Here, the final act detours wildly, and turns out to be all about Loki taking the initiative to tie up Talonar’s storyline. Hector learns to control his new powers, but winds up serving mainly as a plot device for Loki to use in the Talonar plot.  And Logan’s main function is to run around the corridors and give Hector a bit of a pep talk.  As best I can make out, the long-term point of this story is to establish Hector and lay the groundwork for an Infinity Watch revival.  As a Wolverine story… well, it just isn’t one.  Not only is it a story from which you could remove him entirely, it would actually be a simpler and stronger story with Loki going it alone.  (It certainly doesn’t need the dog as well, no matter how adorable a character he is.)

If you enjoyed Gerry Duggan’s Guardians and really want to see him follow up on the Fraternity of Raptors, then this is the book for you.  You’ll probably wonder what the little guy with the claws is doing there, though.

Bring on the comments

  1. Andrew says:

    I for one am glad the line is being pared back to the two books initially and by all reports, a single X-men title after that.

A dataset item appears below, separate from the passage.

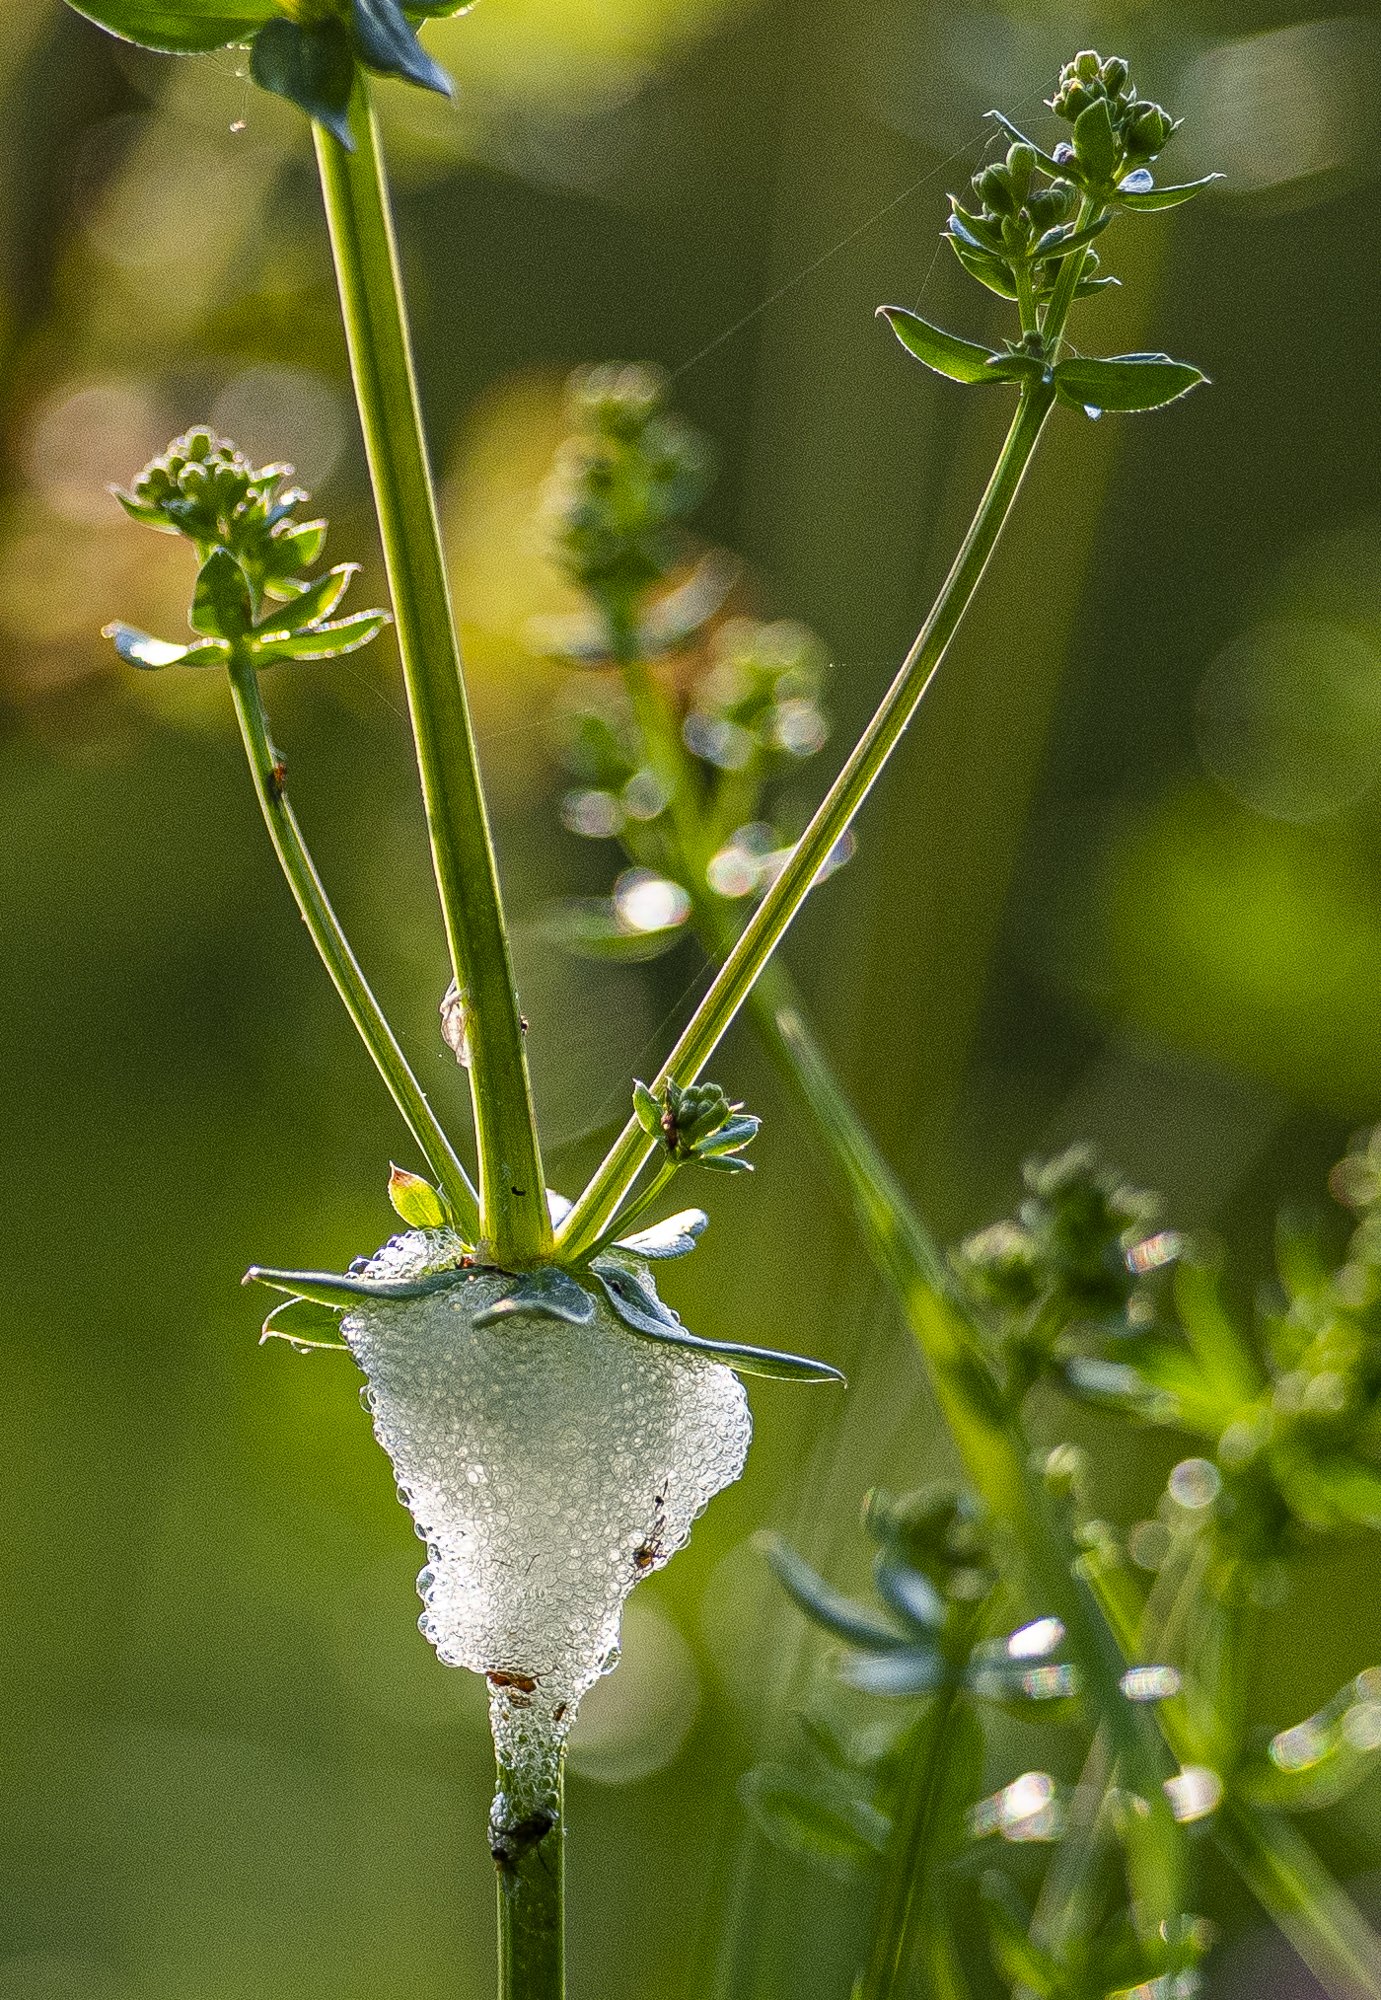  White blobs of bubbles on plants are created by the insects called spittlebugs, and their foam helps protect them.

    It’s something which hopefully will give greater focus to the line much in the same way the pared-down X-book like had in the early Morrison Era with the three team books, Wolverine and Cable, plus minis

  2. wwk5d says:

    “So this exists.”

    You could have just stopped with that, since it pretty much sums up this mini.

  3. Jpw says:

    It’s amazing how convoluted something as simple as bringing back Wolverine became.

  4. Ben says:

    I only read the first issue (didn’t change my mind on Duggan being anything other than journeyman level competent) and I was totally baffled at why this has Wolverine in it other than to sell copies.

    And I generally love Aaron, but time diamond baseball bat is one of his ideas best left forgotten.

  5. Andy Walsh says:

    Sorry, Andrew, Hickman has indicated that there will be a whole line of X-Men books post HoX/PoX. A first wave will launch in the wake of those books, and a second wave next year. Expect the first wave to be announced at or around SDCC.

  6. Adam Farrar says:

    I came to this series not for Wolverine but for the Infinity storyline. It doesn’t make it any better. Duggan’s Guardians of the Galaxy started out with a lot of promise but sales lagged and to keep going, he pitched “Infinity Countdown” and then “Infinity Wars.” But in getting bigger, the story struggled under the weight and expanded cast. I don’t think anyone expected that story to end here but there’s no enthusiasm for it to continue. If Duggan had been allowed to keep going on GotG without kickstarting a crossover, it would have been much better off.

  7. Si says:

    In related news, I see Wolverine has another child. She’s a wild brawler with claws. This is getting truly ridiculous.

  8. JCG says:

    Luckily it’s not that hard to avoid Wolverine and Wolverine derivatives.

    If you skip their solos and minis and oneshots you’ll generally only come across one in the flagship book.